Taormina Die Politik produziert schöne Bilder, aber keine Ergebnisse. Wer einen Beweis für diese Erfahrung von internationalen Gipfelveranstaltungen sucht, muss an diesem Freitag und Samstag in das idyllische Städtchen Taormina auf Sizilien schauen. Die Staat- und Regierungschef de G7 werden nach dem Anschlag in Manchester ein starkes Signal der freien westlichen Welt gegen den Terror des Islamischen Staates aussenden. Das ist nicht gering einzuschätzen. Dann ist es aber mit den Gemeinsamkeiten schon vorbei.

Die deutsche Wirtschaft setzt auf eine gemeinsame Haltung der sieben großen Industrienationen in der Handels- und Klimapolitik. Doch das ist illusorisch. Vor allem der Bruch von US-Präsident Donald Trump mit der Handels- sowie Klimapolitik seines Vorgängers Barack Obama ist auch im Kreis der G7 nicht zu kitten. Sollten die Beschlüsse der Gruppe der Staats- und Regierungschefs nicht hinter die bisherigen Vereinbarungen für den Freihandel in der Welt zurückfallen, wäre das schon ein Erfolg aus Sicht von Delegationsteilnehmern.

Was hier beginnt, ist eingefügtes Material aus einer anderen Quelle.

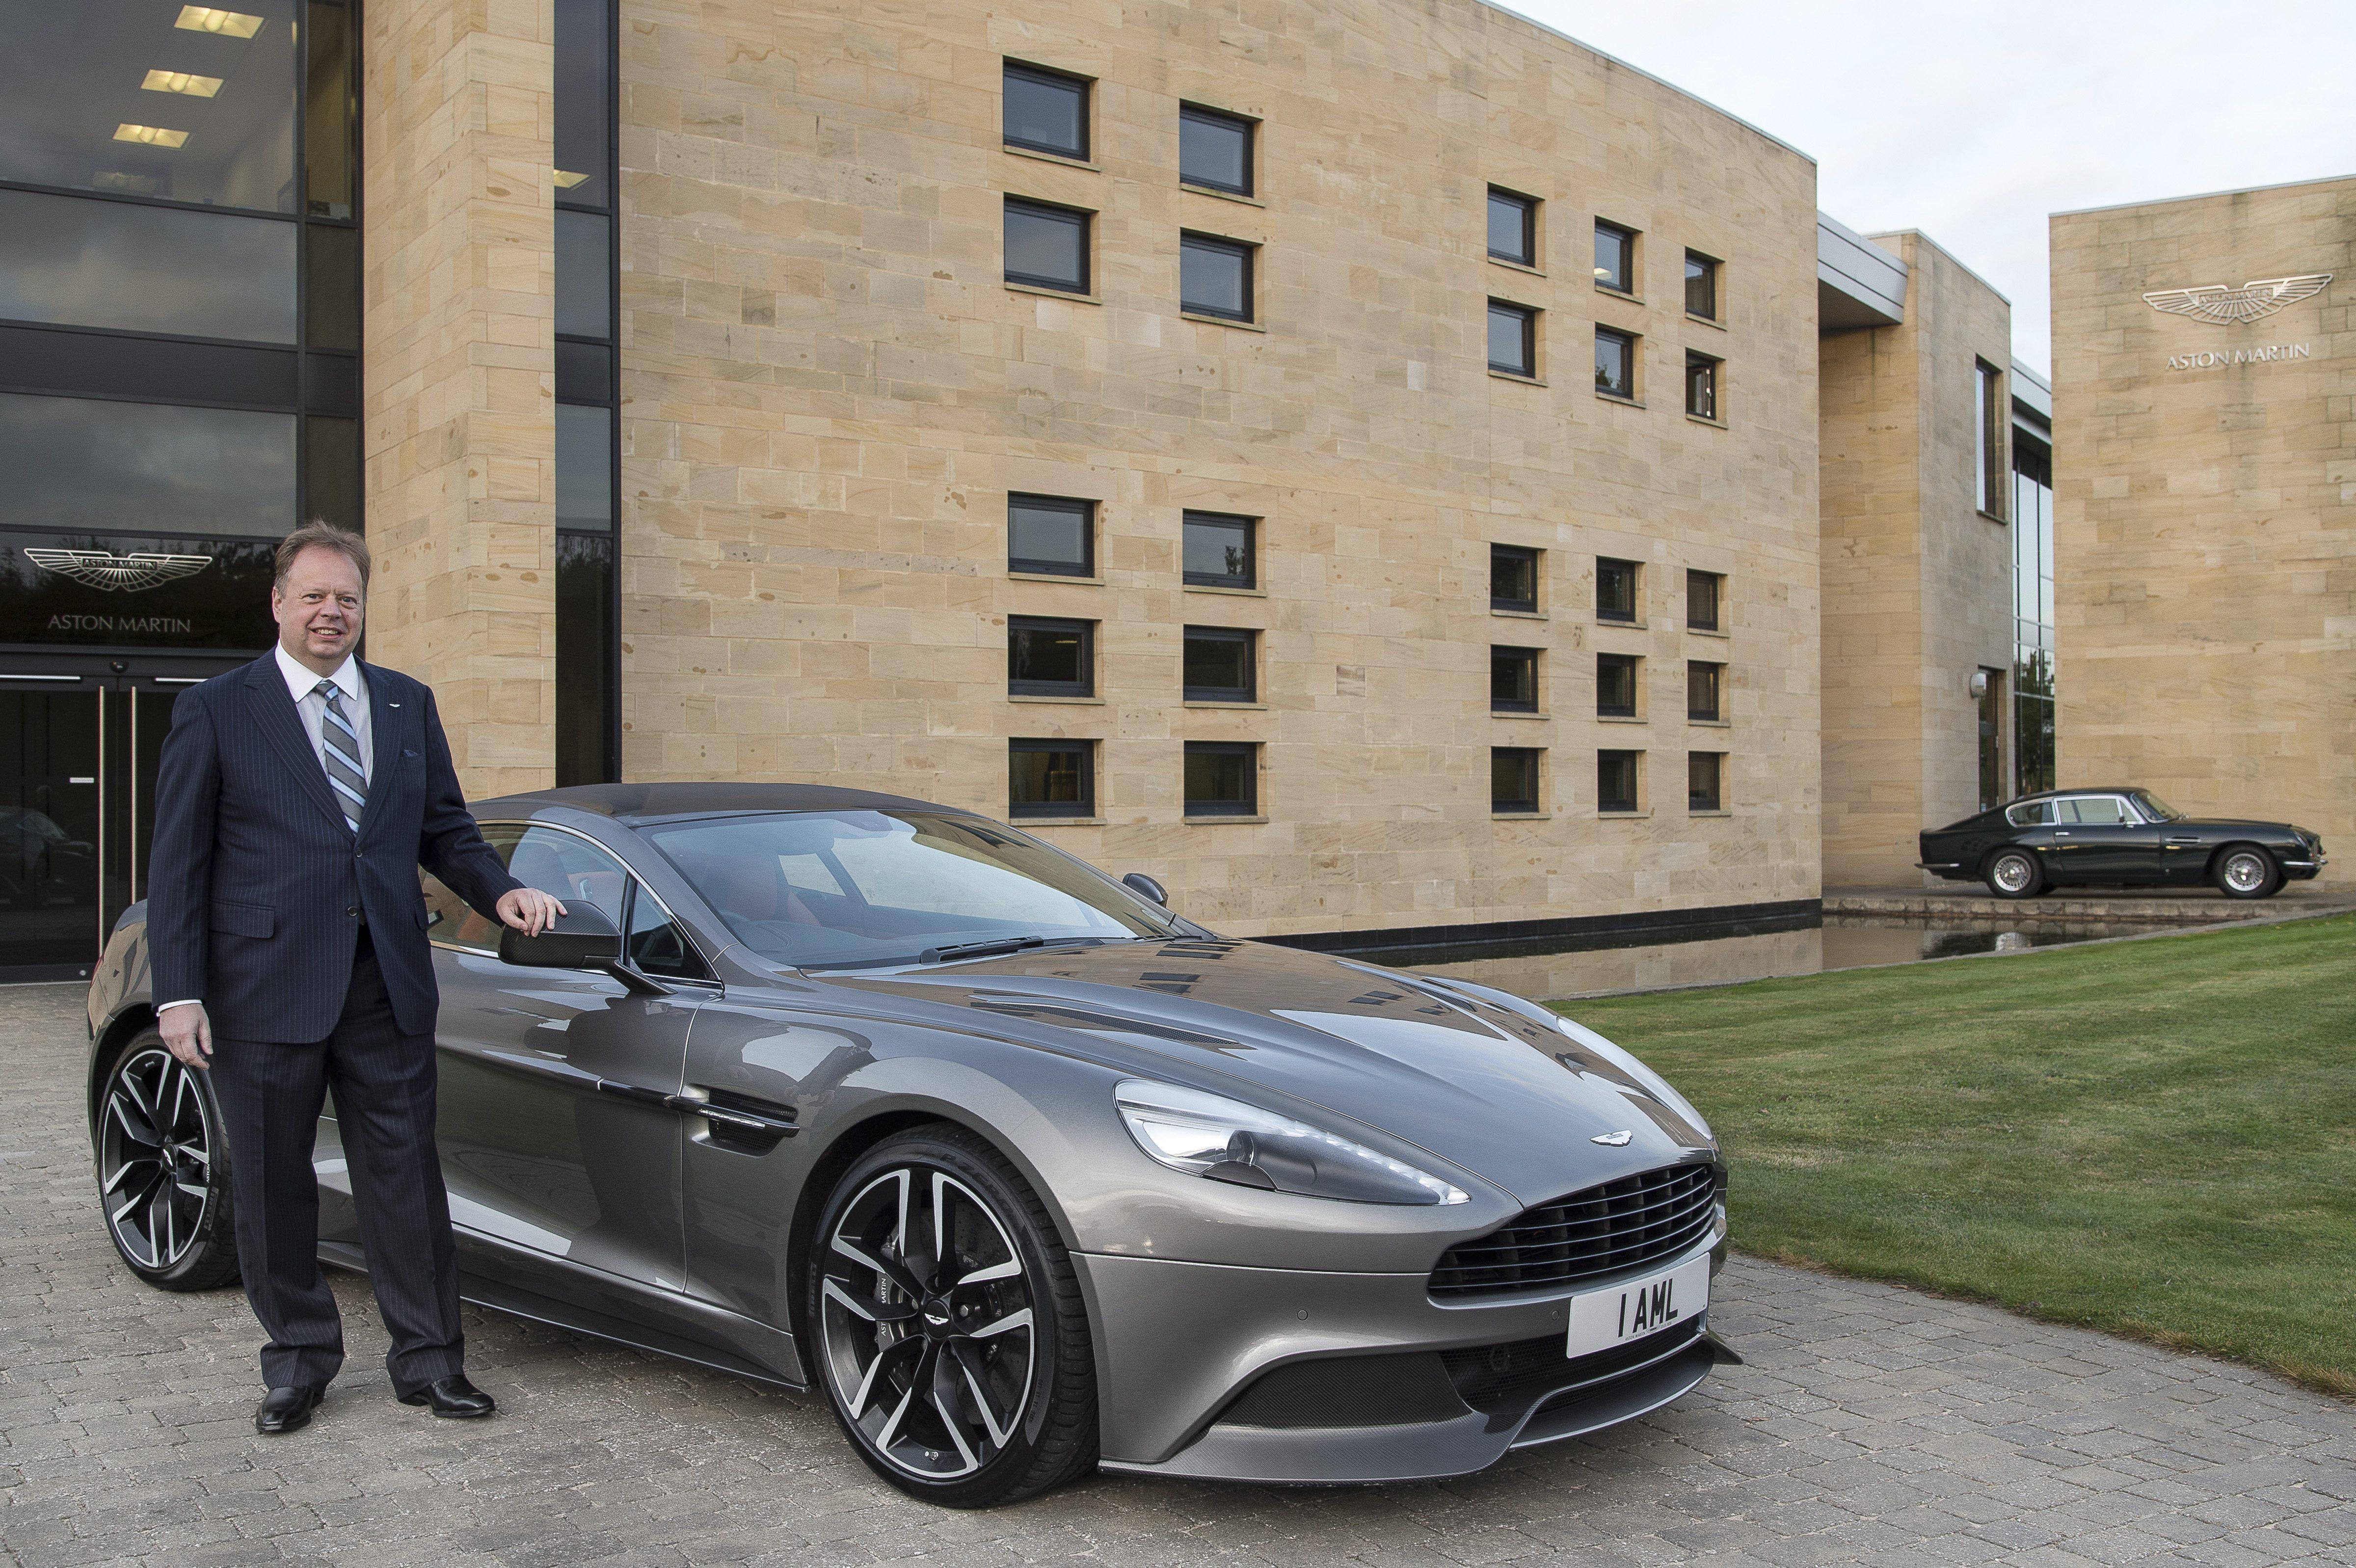 Aston Martin Reveals New Ceo Andy Palmer Littlegate

Bereits beim Treffen Trumps mit Vertretern der EU-Institutionen am Donnerstag gab es keine greifbaren Annäherungen. In der Klima- und Handelspolitik blieben genauso Fragen offen, wie in der Positionierung zu Russland. Ein Sinneswandel Trumps einen Tag später käme einer kleinen Sensation gleich.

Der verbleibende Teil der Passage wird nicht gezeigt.